Either way, the third-place Dodgers are nine games behind the Reds, losing the first game of a three-game series that some believed the Dodgers needed to sweep to remain in pennant contention.

“(Neidlinger) pitched a great game, but this was bittersweet, because you can’t get any sweetness out of a game like this,” Lasorda said.

Neidlinger, making his second major league start, entered the complicated eighth inning having given up only two hits with no walks and six strikeouts. He was outpitching Dodger nemesis Tom Browning, who allowed eight hits.

Joe Oliver flied to left for the first out of the eighth, then Hatcher grounded to shortstop Alfredo Griffin. The former All-Star’s struggles in the field this season continued when the ball bounced off the top of his glove and off his legs for an error.

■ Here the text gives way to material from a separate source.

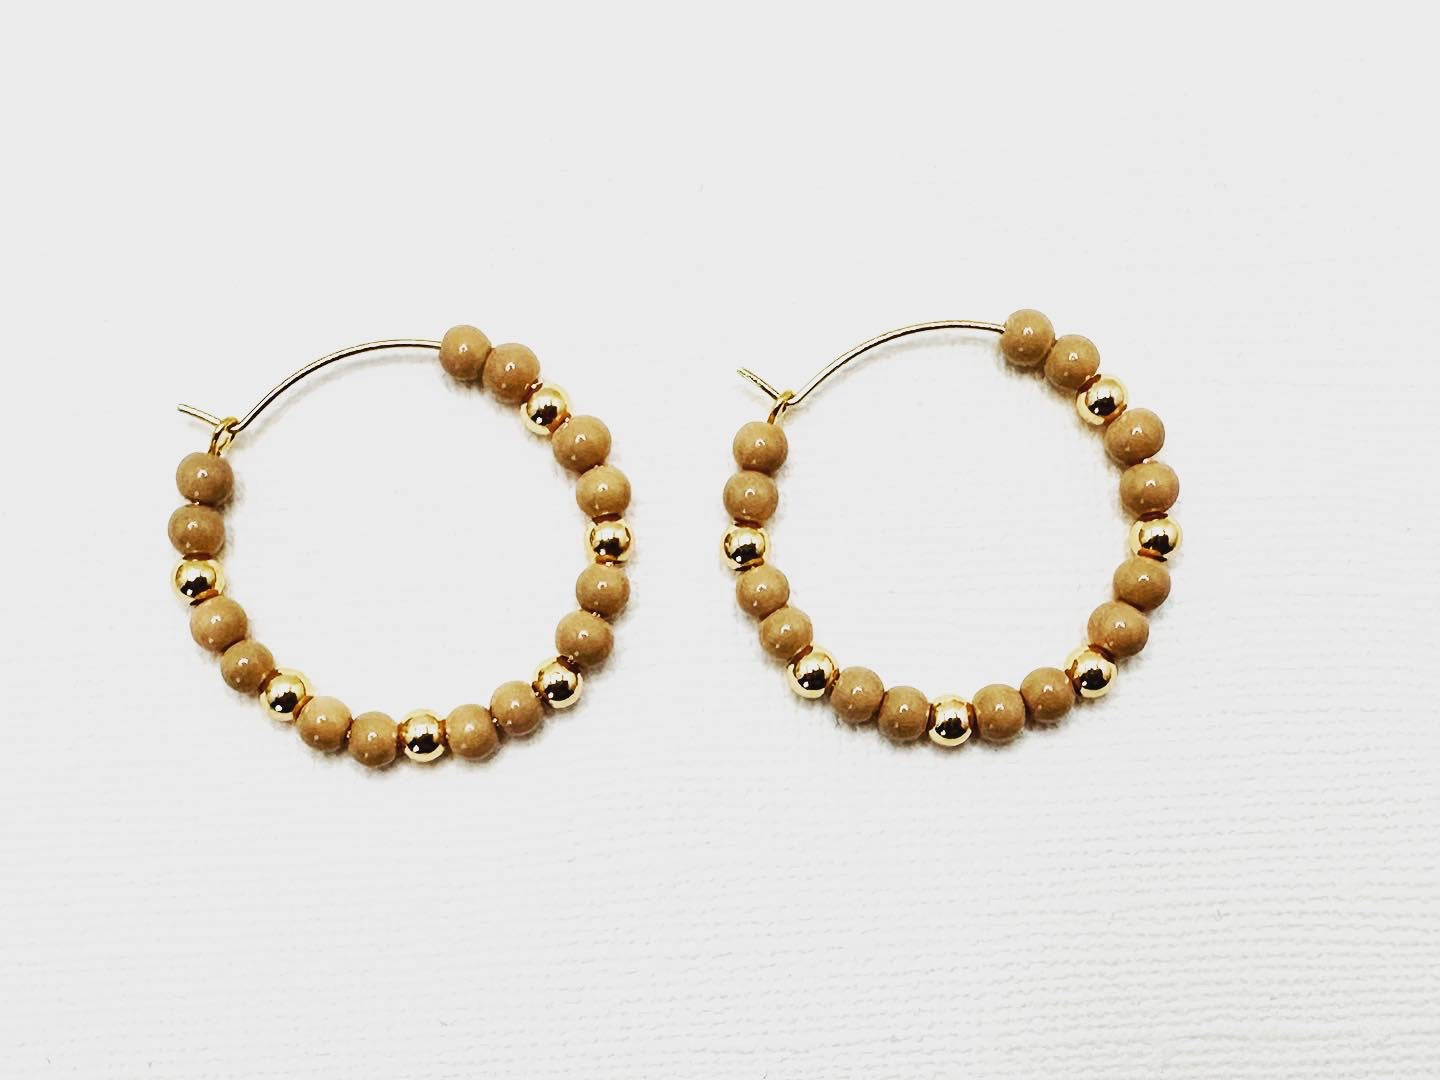 Small Tan and Gold Hoop Earrings

After committing only 14 errors last season, Griffin has 21 errors this year with 55 games remaining. Those problems, combined with his .227 average, have convinced the Dodgers to shop him to a pennant contender if they fall out of the race. Waiting to replace him is triple-A standout Jose Offerman.

“I screwed up the play, what can I say?” Griffin said. “We gave the game away.”

Browning bunted Hatcher to second base, bringing up Larkin. Neidlinger, who threw six innings against the Reds in his major league debut last week, grew tired.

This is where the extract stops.